Click Console on the HUAWEI CLOUD ModelArts home page at <https://www.huaweicloud.com/product/modelarts.html>.

### Using a Common Framework to Create a Training Job

ModelArts Tutorial <https://support.huaweicloud.com/engineers-modelarts/modelarts_23_0238.html> shows how to use a common framework to create a training job.

### Using MindSpore as a Common Framework to Create a Training Job

Training scripts and data in this tutorial are used as an example to describe how to configure arguments on the training job creation page.

1. `Algorithm Source`: Click `Frameworks`, and then select `Ascend-Powered-Engine` and the required MindSpore version. (`Mindspore-0.5-python3.7-aarch64` is used as an example here. Use scripts corresponding to the selected version.)

2. `Code Directory`: Select a code directory created in an OBS bucket. Set `Startup File` to a startup script in the code directory.

3. `Data Source`: Click `Data Storage Path` and enter the CIFAR-10 dataset path in OBS.

4. `Argument`: Set `data_url` and `train_url` to the values of `Data Storage Path` and `Training Output Path`, respectively. Click the add icon to pass values to other arguments in the script, for example, `epoch_size`.

5. `Resource Pool`: Click `Public Resource Pool > Ascend`.

6. `Specification`: Select `Ascend: 1 * Ascend 910 CPU: 24-core 96 GiB` or `Ascend: 8 * Ascend 910 CPU: 192-core 768 GiB`, which indicate single-node single-device and single-node 8-device specifications, respectively.

## Viewing the Execution Result

1. You can view run logs on the Training Jobs page.

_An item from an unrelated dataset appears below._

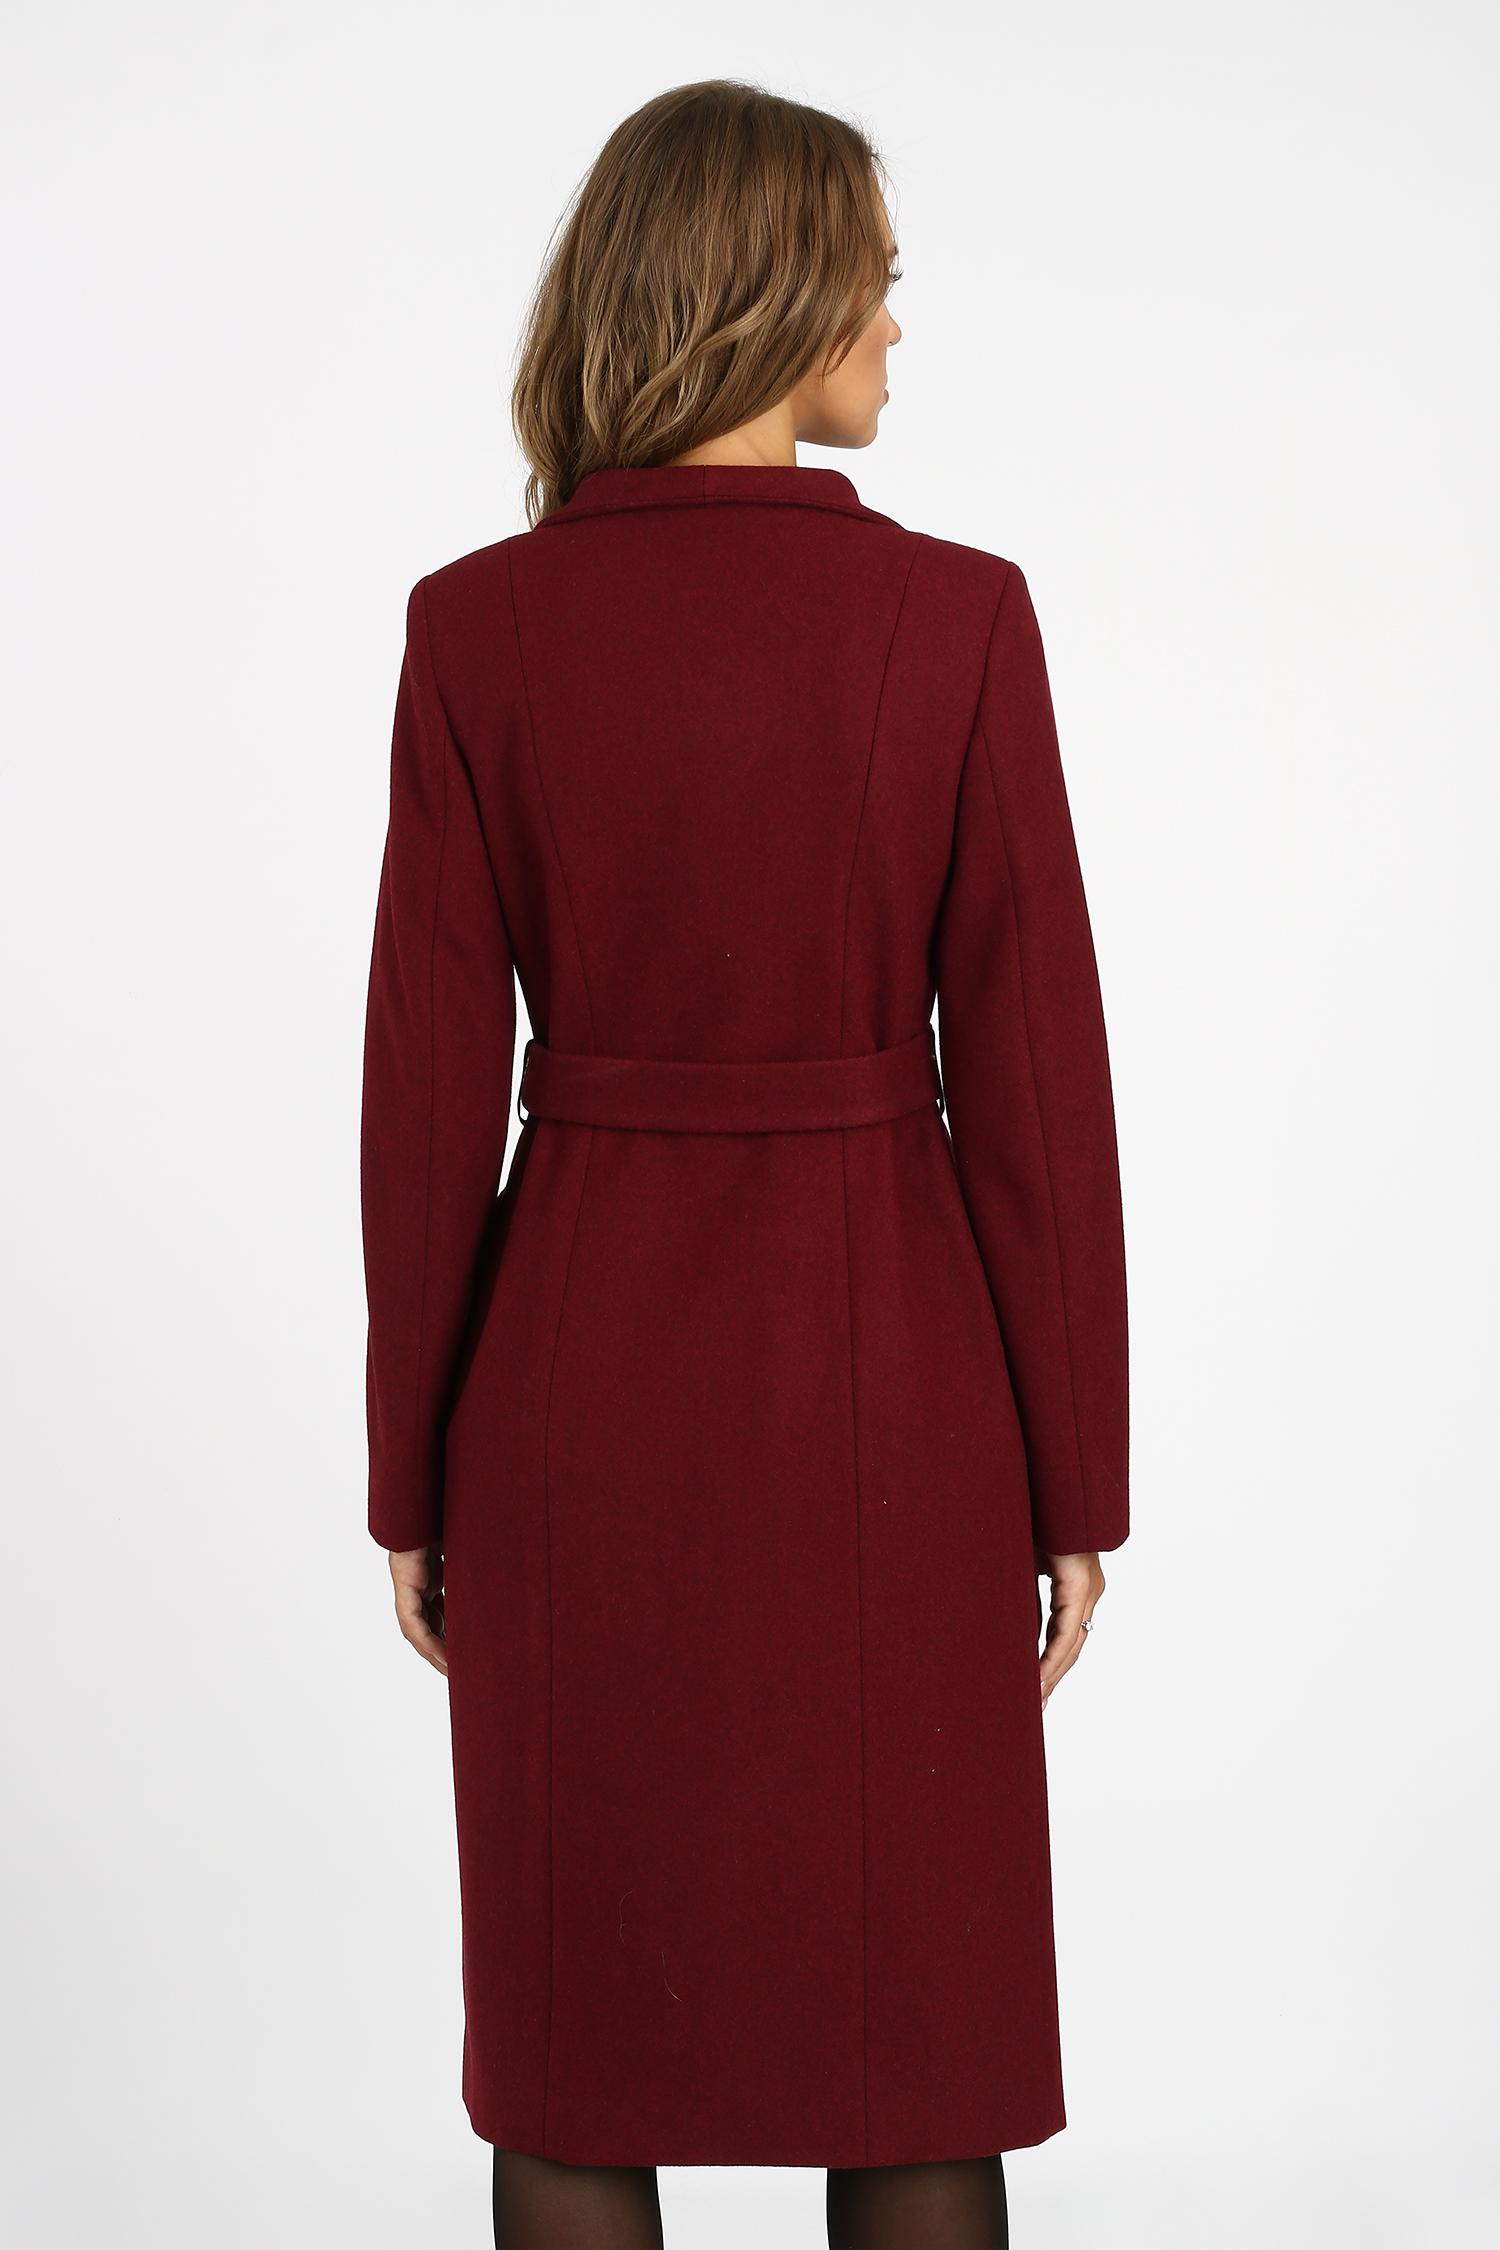 Женское пальто из текстиля с капюшоном,  отделка шерсть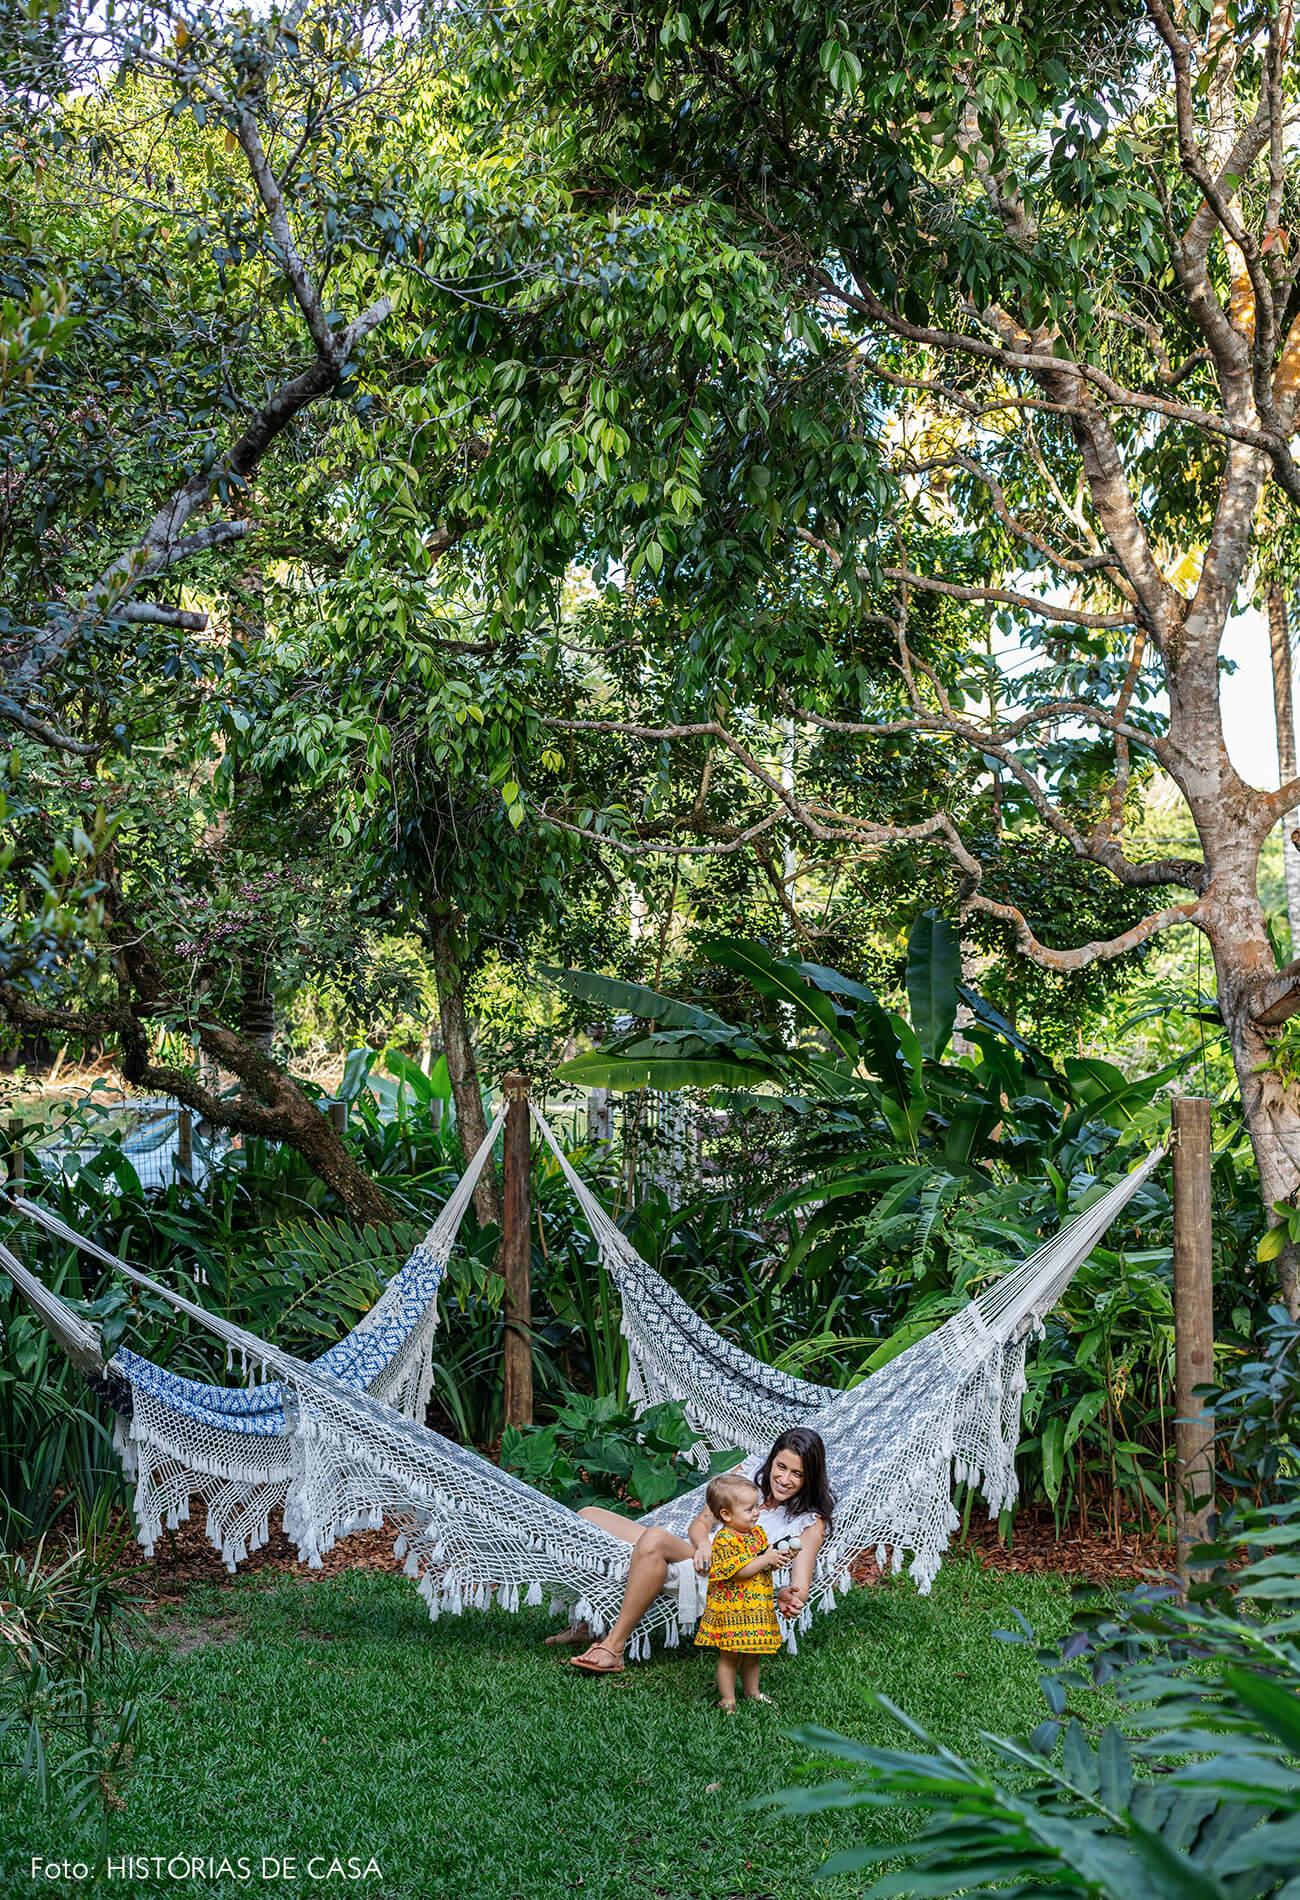 trancoso-vilasete-hotel-decoracao-70-retrato-familia-jardim-rede-croche-azul-branco

    The `8*Ascend` specification is used to execute the ResNet-50 training job. The total number of epochs is 92, the accuracy is about 92%, and the number of images trained per second is about 12,000.

    The `1*Ascend` specification is used to execute the ResNet-50 training job. The total number of epochs is 92, the accuracy is about 95%, and the number of images trained per second is about 1800.

2. If you specify a log path when creating a training job, you can download log files from OBS and view them.